Sure, the interoperability dream is still very much there, because ODF is still out there. It's just that now we have a completely redundant standard that is a) technically inferior but b) Microsoft will make you either use it, or cry and use it.
Sorry, but every article I read about OOXML is about the voting and standardization irregularities, and nothing I've found reviews OOXML from the users standpoint...
That's pretty much because:
a) the voting irregularities are IMMENSE
and
b) there is no review on OOXML from the user's standpoint, because there is NO implementation (ZIP, ZERO, NONE) of the ISO candidate version of OOXML to review. Not even from Microsoft, who are using a different version now, and (IIRC) have stated that they WILL NOT be using the ISO version in the future, if it is approved. AND it is likely that there will never be a complete 3rd party implementation of the ISO OOXML standard because it is so long, complex and dependent on patents and references to legacy closed source software. MS happens to own that source and those patents and aren't about to give them away. So basically it's a dead end mockery of the ISO process.

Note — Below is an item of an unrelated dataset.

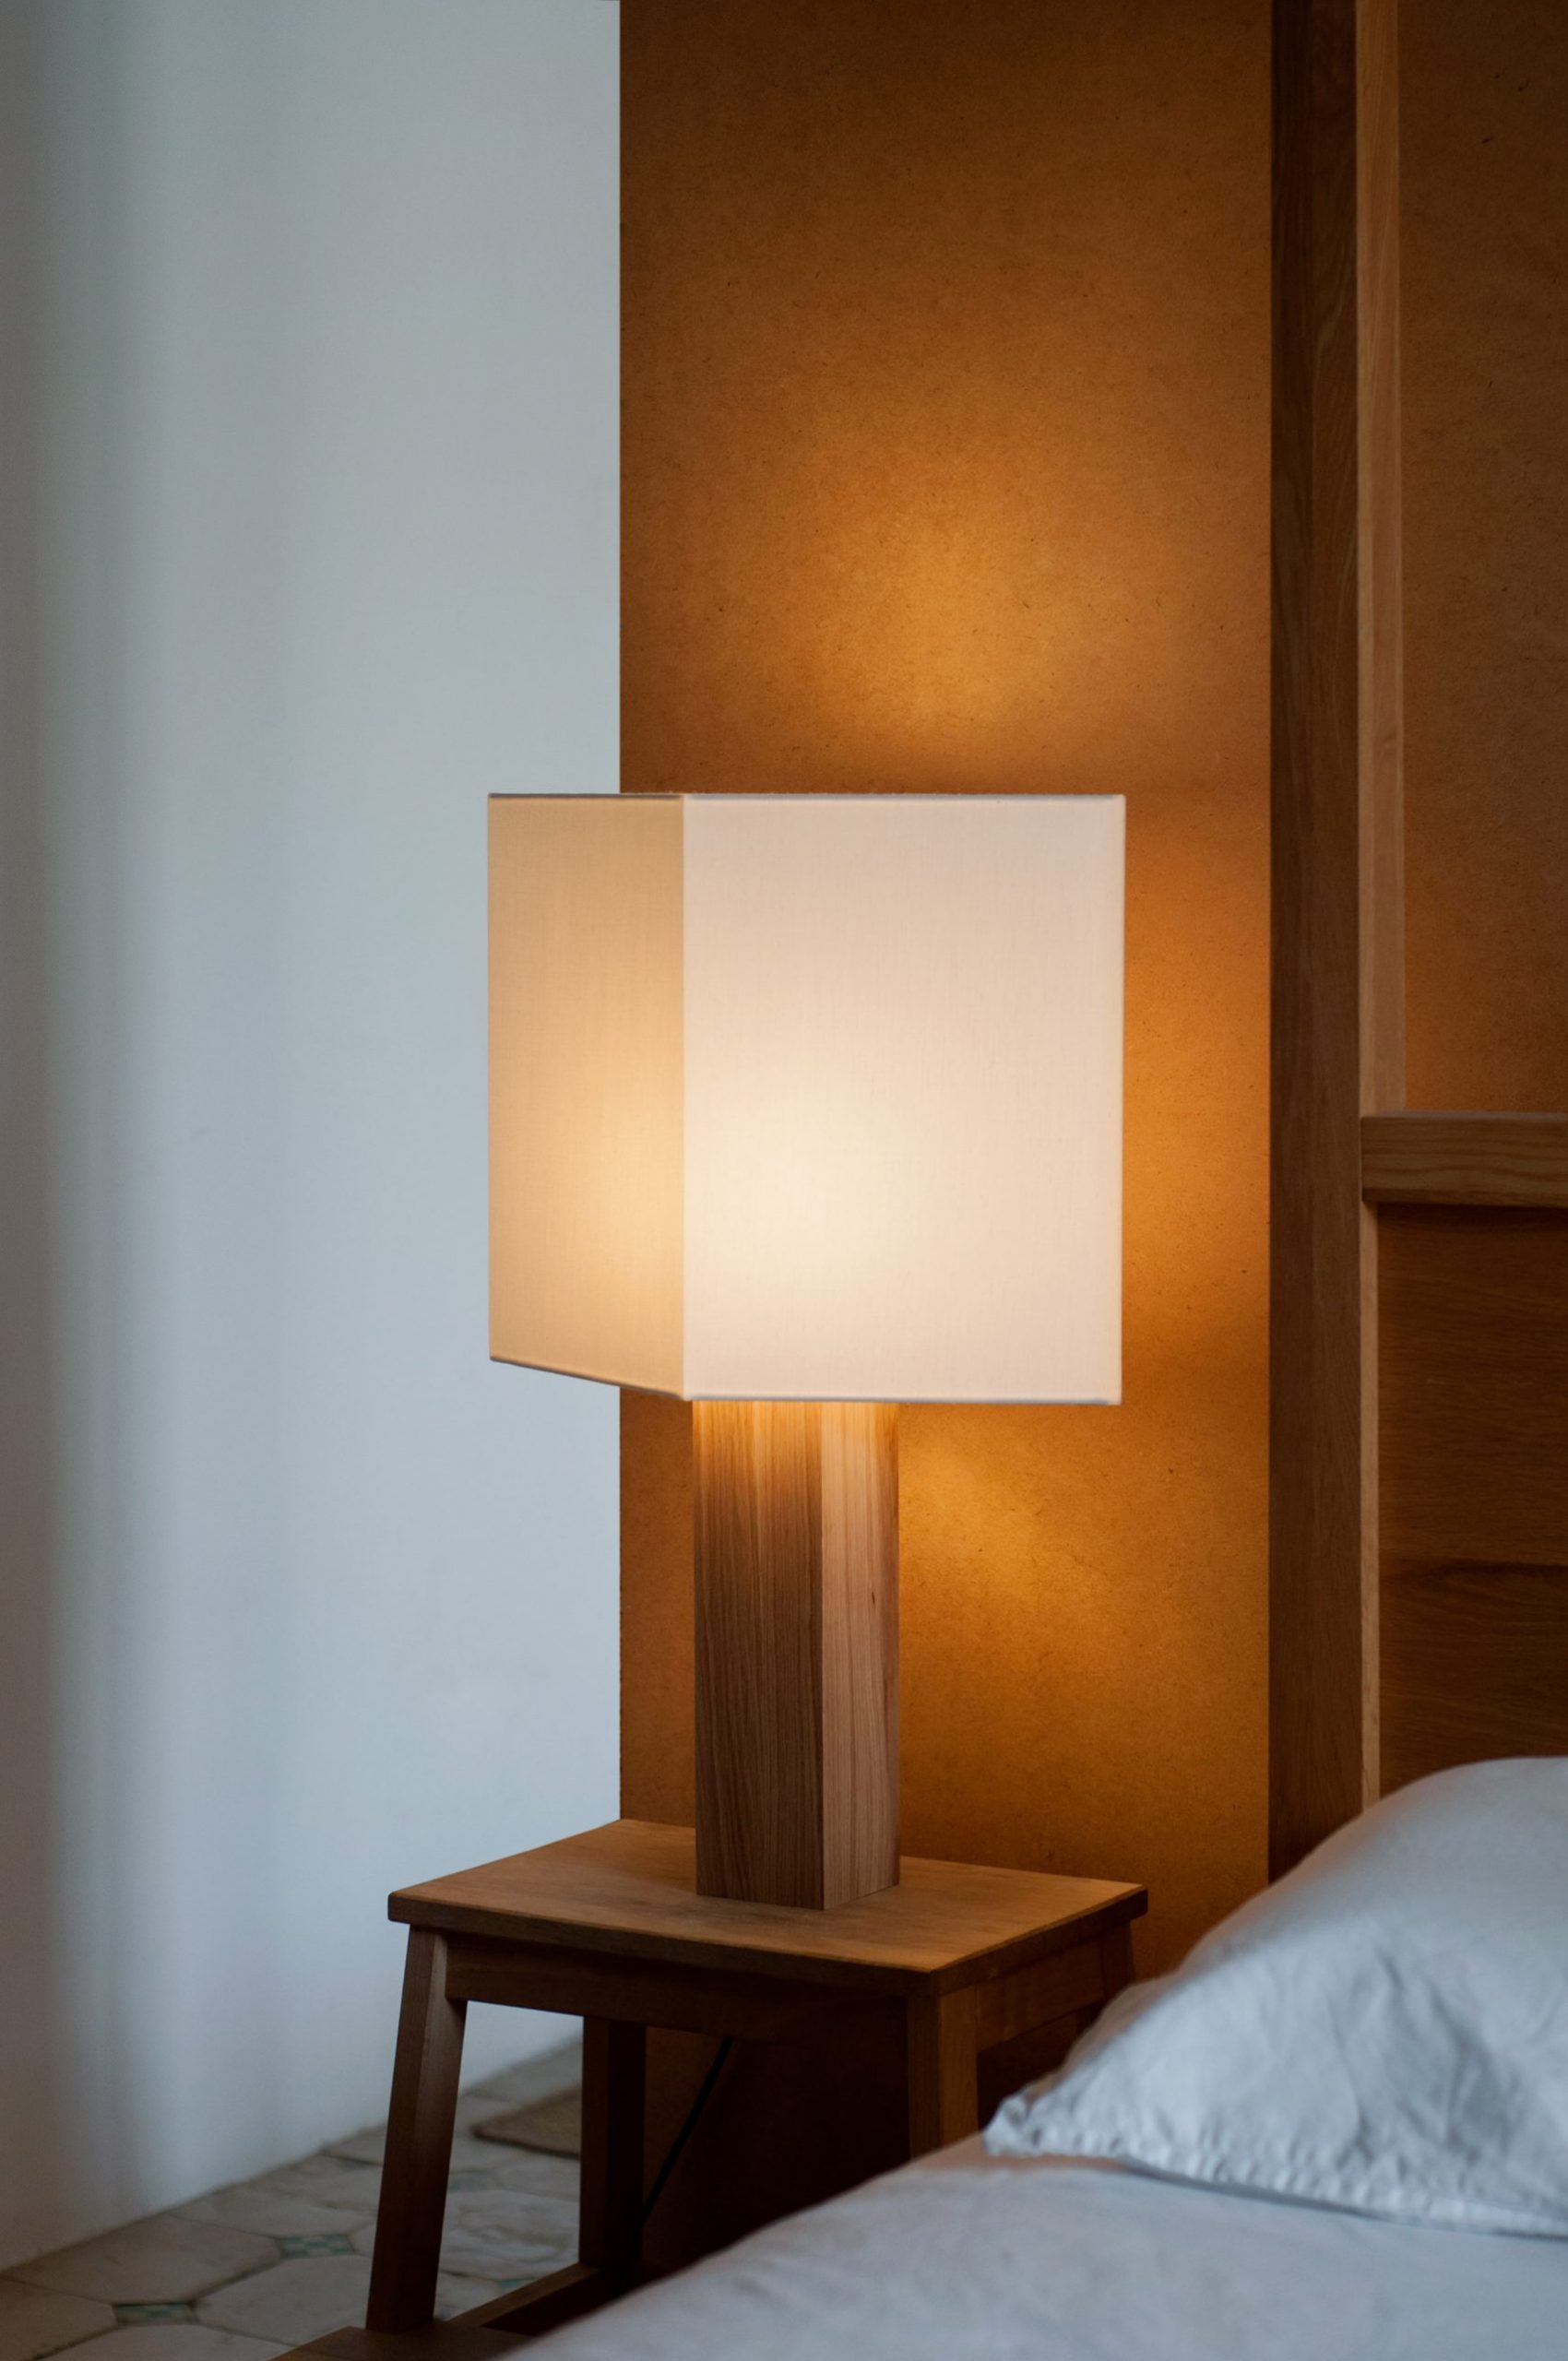 Chata Lamp 1

If that's not enough to answer your questions AND piss you off, do some more reading on the topic.
Try reading up on how and for what the Fast-track process has been used in the past: Mature, complete and currently implemented industry standards that are just being formalized; Not slap-dick, fly-by-night, throw-in-kitchen-sink 6000 page cluster-f*ks like OOXML.
"Cheeze it!" - Bender
how is babby formed?
Hey, if you can repost that same crap drivel, back atcha homes:
You obviously have never had to implement anything that needed to conform to a defined, published standard. If you had, you would never in a million years defend a ragged mess which can't even deal with Julian dates without referencing a broken proprietary binary (Excel 97). And you wouldn't defend OOXML, in raving terms including liberal usage of boldface, all caps and ad hominem attacks, if you understood the difference between a properly written standard and one cobbled together in panic that large institutional customers would abandon a proprietary format over concerns of long-term data accessibility, bit rot and lock-in.
Enjoy your new spec.
In other news, astrophysicists have announced that they now know what all that dark matter is: it's stupidity.